I dearly wish I could find the actual quote but I have recently come across both the image and (somewhat unsurprisingly) the author in his new coffee table book Bouldering, Climbing: No Ropes Attached. For someone like myself, a climber who personally shuns ropes and harnesses these days in favour of pads and problems, the fact that this book even exists is a welcome sight. That it has come from one of bouldering’s greatest exponents both adds credence and instant levels of respect.
The fact that Zangerl has managed to create a book dedicated to this single discipline to rival Chambre’s 9th Grade tome may come as a surprise to some but Zangerl has managed to tread the fine line between succinct and detailed and he’s done it brilliantly. Eleven chapters chart a healthy word count, suggesting that dragging this to read at the boulders may be optimistic, but interspersed the text with some staggering photography of some of the world’s very best boulderers and photographers.

Photo: Ray Demski

Indeed, many of these same climbers are profiled in Chapter 5: Portraits of Boulderers, with 22 boulderers given a page a piece to explore not only their achievements and adventures but as the book itself states: “These are their stories”. Many of their names are synonymous with bouldering – John Gill kicks it off before profiles of stars such as Jacky Godoffe, Fred Nicole, Nalle Hukkataival and Charles Albert – but considering the homogenous nature of our sport, there are five women on the list, as well as a healthy range of nationalities.

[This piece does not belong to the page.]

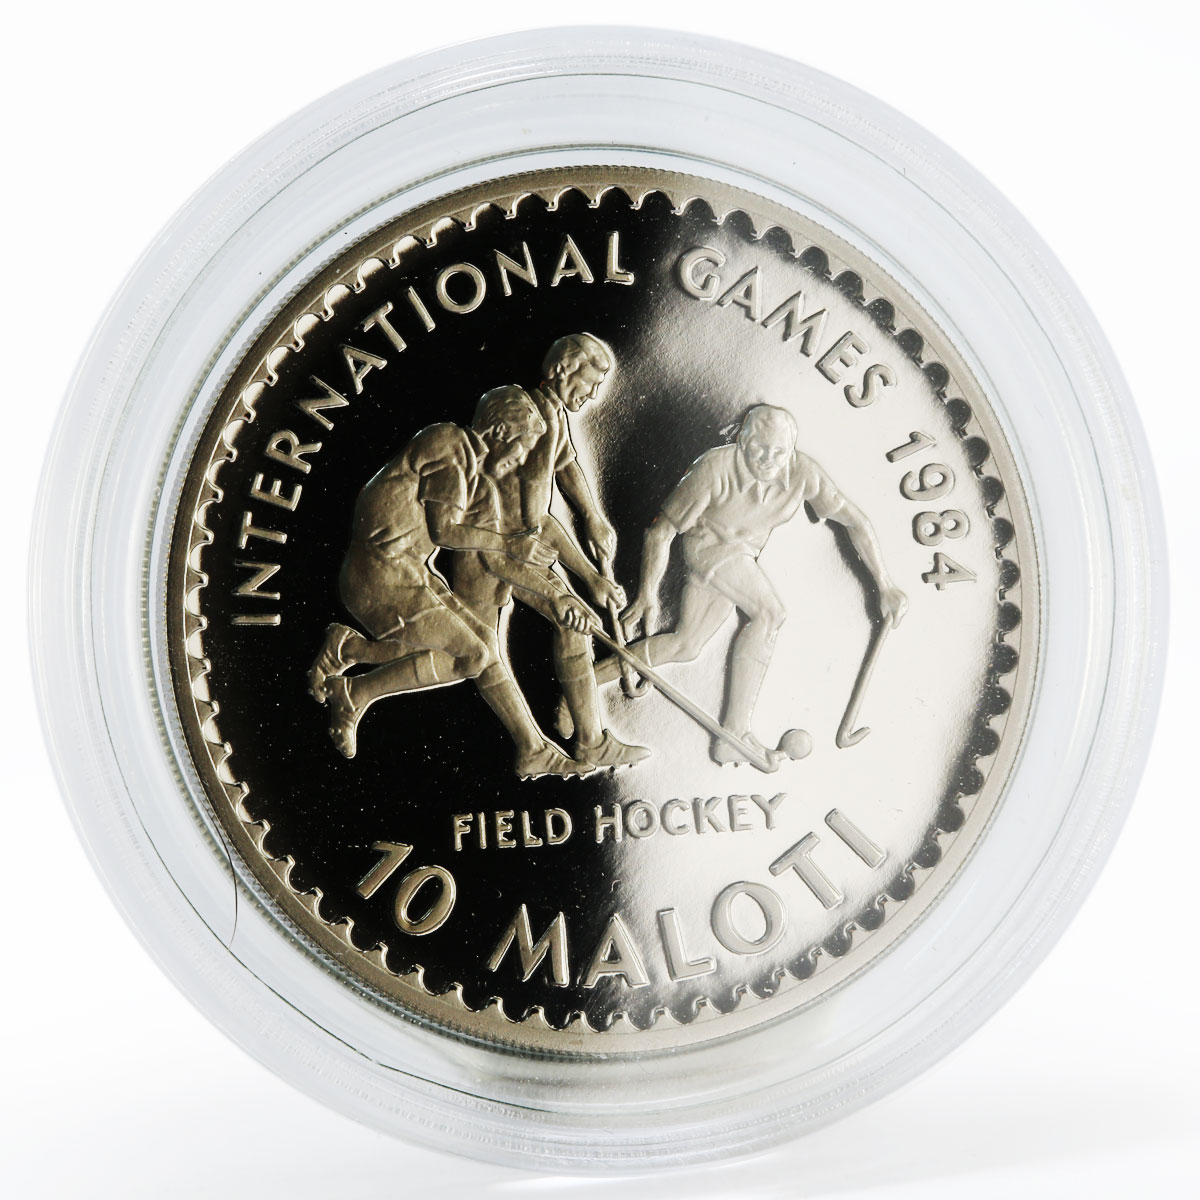 Lesotho 10 maloti International Games Field Hockey proof nickel coin 1984
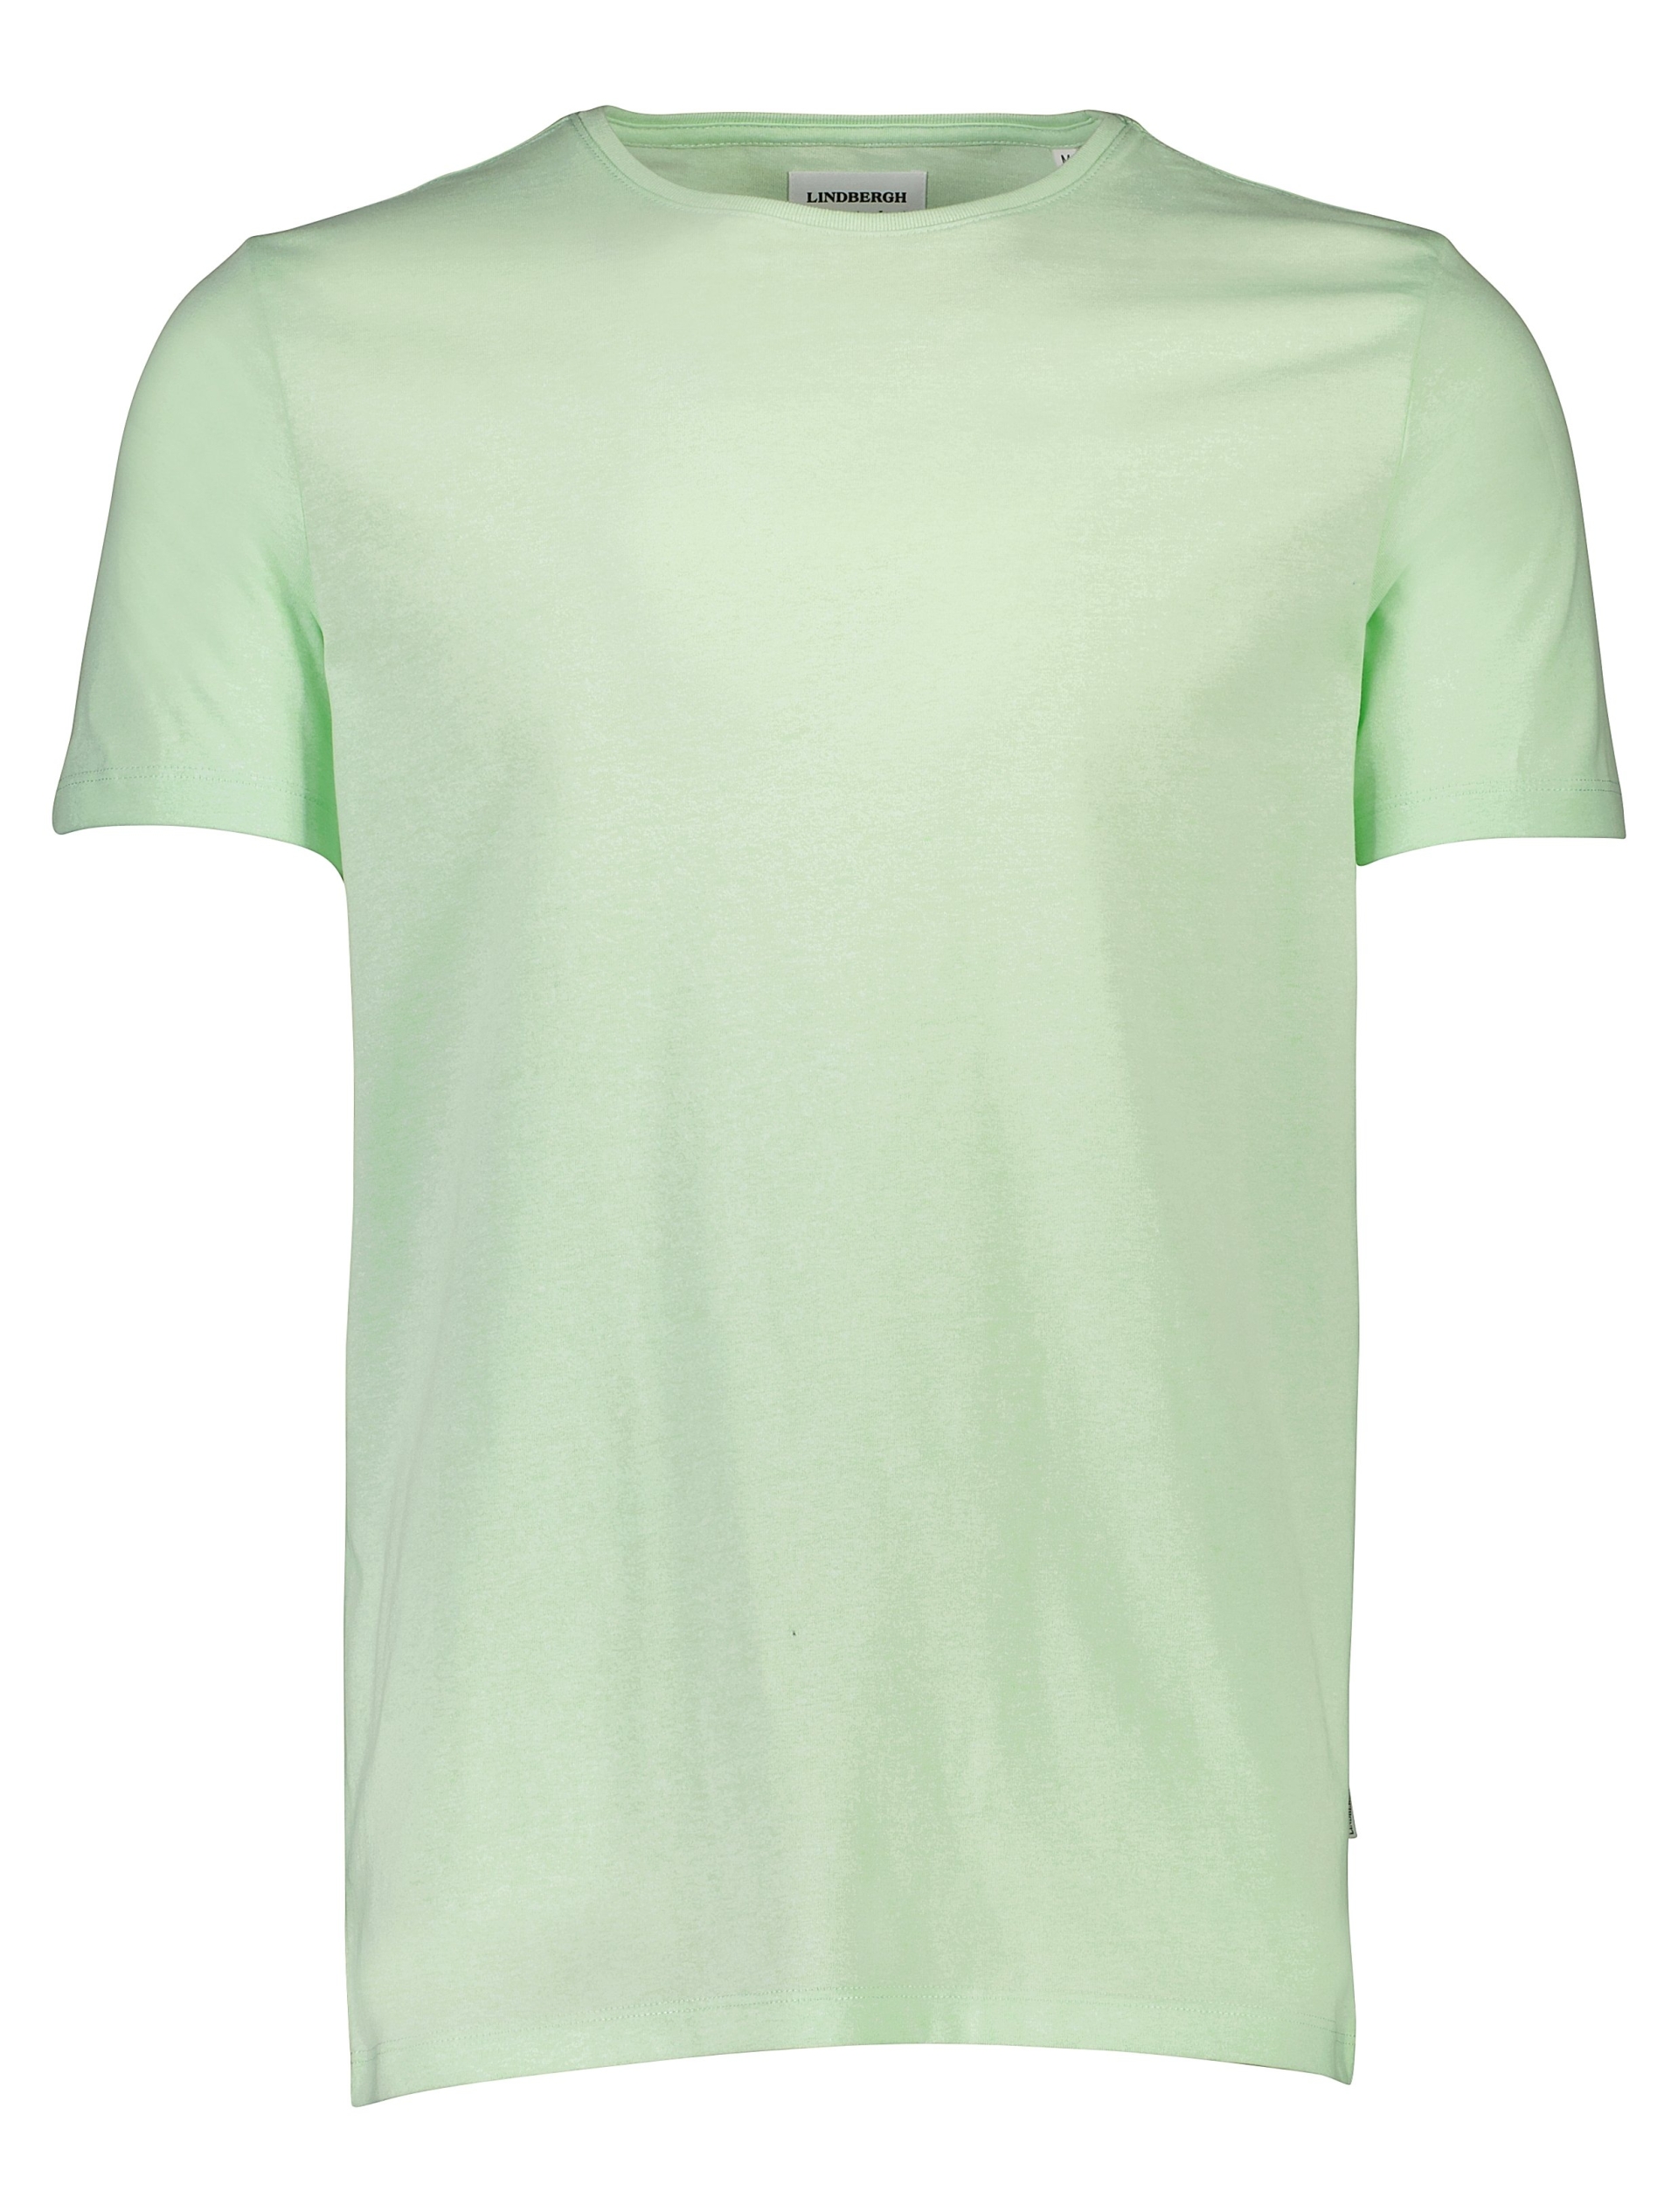 Lindbergh T-shirt grön / mint mix 224

The book certainly seems to have a nudge towards inclusion too. Chapter 3 focuses on Starting Bouldering, peppered with advice to get people involved in the sport: a definition; the obligatory list of necessary kit that starts with “comparatively little equipment” before a sizeable list (this is pretty standard practice in any similar book); and some insight into training and while the pictures in this section may well inspire someone to take up the sport, the image of “Italian Niccolo “Niky” Ceria doing a front lever on a road sign in Norway” may have been better placed elsewhere… As much as it is admirable to attempt to appeal to beginners, I certainly felt this is much more a volume aimed more at dedicated enthusiasts than those dipping their toe in bouldering.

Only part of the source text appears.